実際にどのくらいの難易度なのかは、受けてみないことにはわからないというのは確かですが、実際の資格の取得状況や合格率、受験者の声なども気になるところです。

取得状況や合格率

2020年1月現在の資格取得状況は以下のようになっています。 コーヒー鑑定士認定者…36名(商品設計マスター74名、生豆鑑定マスター108名、品質管理マスター45名) コーヒーインストラクター1級認定者…1,285名 コーヒーインストラクター2級認定者…14,334名 各検定の合格率は以下のようになっています。 第14回コーヒー鑑定士検定…受験者127名の内合格者4名、合格率3.1%(商品設計マスター7名、生豆鑑定マスター15名、品質管理マスター3名) 第15回コーヒーインストラクター1級検定…受験者235名の内合格者73名、合格率31% 第34回コーヒーインストラクター2級検定…受験者591名の内合格者502名、合格率85%

【実際に検定を受けた受験者の声】

検定を受けて幅広い知識を習得し、実際に業務で応用している鈴木雄介氏にお話を聞きました。

株式会社 スズアコーヒー店 営業部長 鈴木雄介氏

箱根の旅館やホテルに自家焙煎のコーヒー豆を卸すスズアコーヒー店。同社の焙煎を担当する鈴木雄介氏はJ.C.Q.A.生豆し鑑定マスターなどの難関資格を保有、コーヒー作りに活かしています。

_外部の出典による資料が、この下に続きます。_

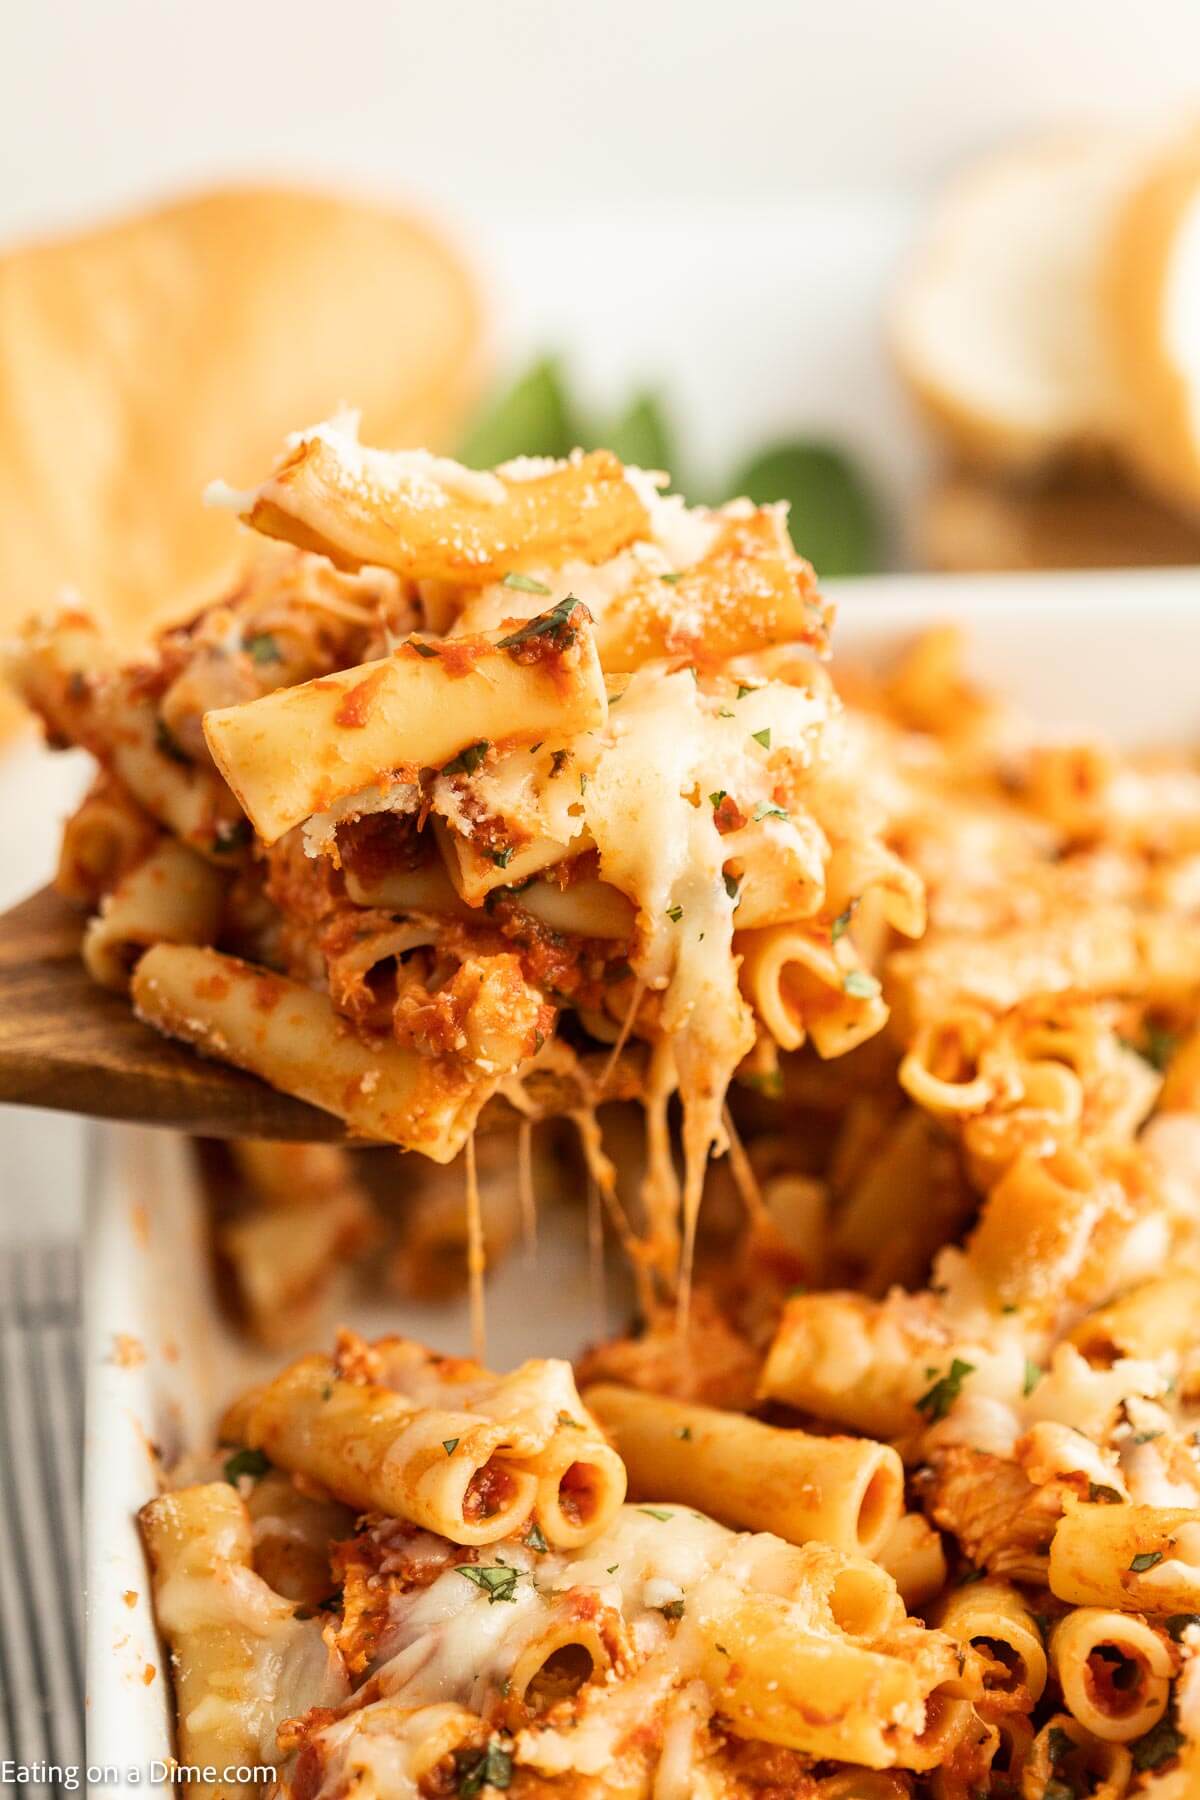 Baked Ziti in a casserole dish with a serving on a wooden spoon

Q1:コーヒーインストラクター検定を受けたきっかけはなんですか。

自社や自分の知識やノウハウを確認するためと、お取引先の商社の方が資格を持っていて、資格を持つのはマナーだと感じました。

Q2:検定を受ける前にどのような準備をされましたか。

講習会で講師がテストに出ると指摘していた箇所を重点的に勉強し、実技科目は持ち帰った検体を何度もカッピング等をしました。Q&Aもチェックしました。

Q3:資格の取得はどのように役立っていますか。

生豆から商品化まですべての作業を自社で行うので非常に役に立っています。 2級は、コーヒーに携わる運転免許、1級は、プロのスタート地点、マスタークラスは、深い専門的知識を勉強できる良い機会、鑑定士は、常に目指すところであり、資格を取得するのがゴールではないことも教えてくれます。日々精進いたします。

4.自分の目的にあったコーヒーの資格に挑戦しよう

コーヒーの資格には、趣味で役に立つレベルから、仕事で活用できる難しいものまで幅広く存在しています。「コーヒーの資格を取ろうと思ったけど数が多すぎてどれを取得するのがいいのかわからない」という人は、この記事を参考にして資格を選んでみてください。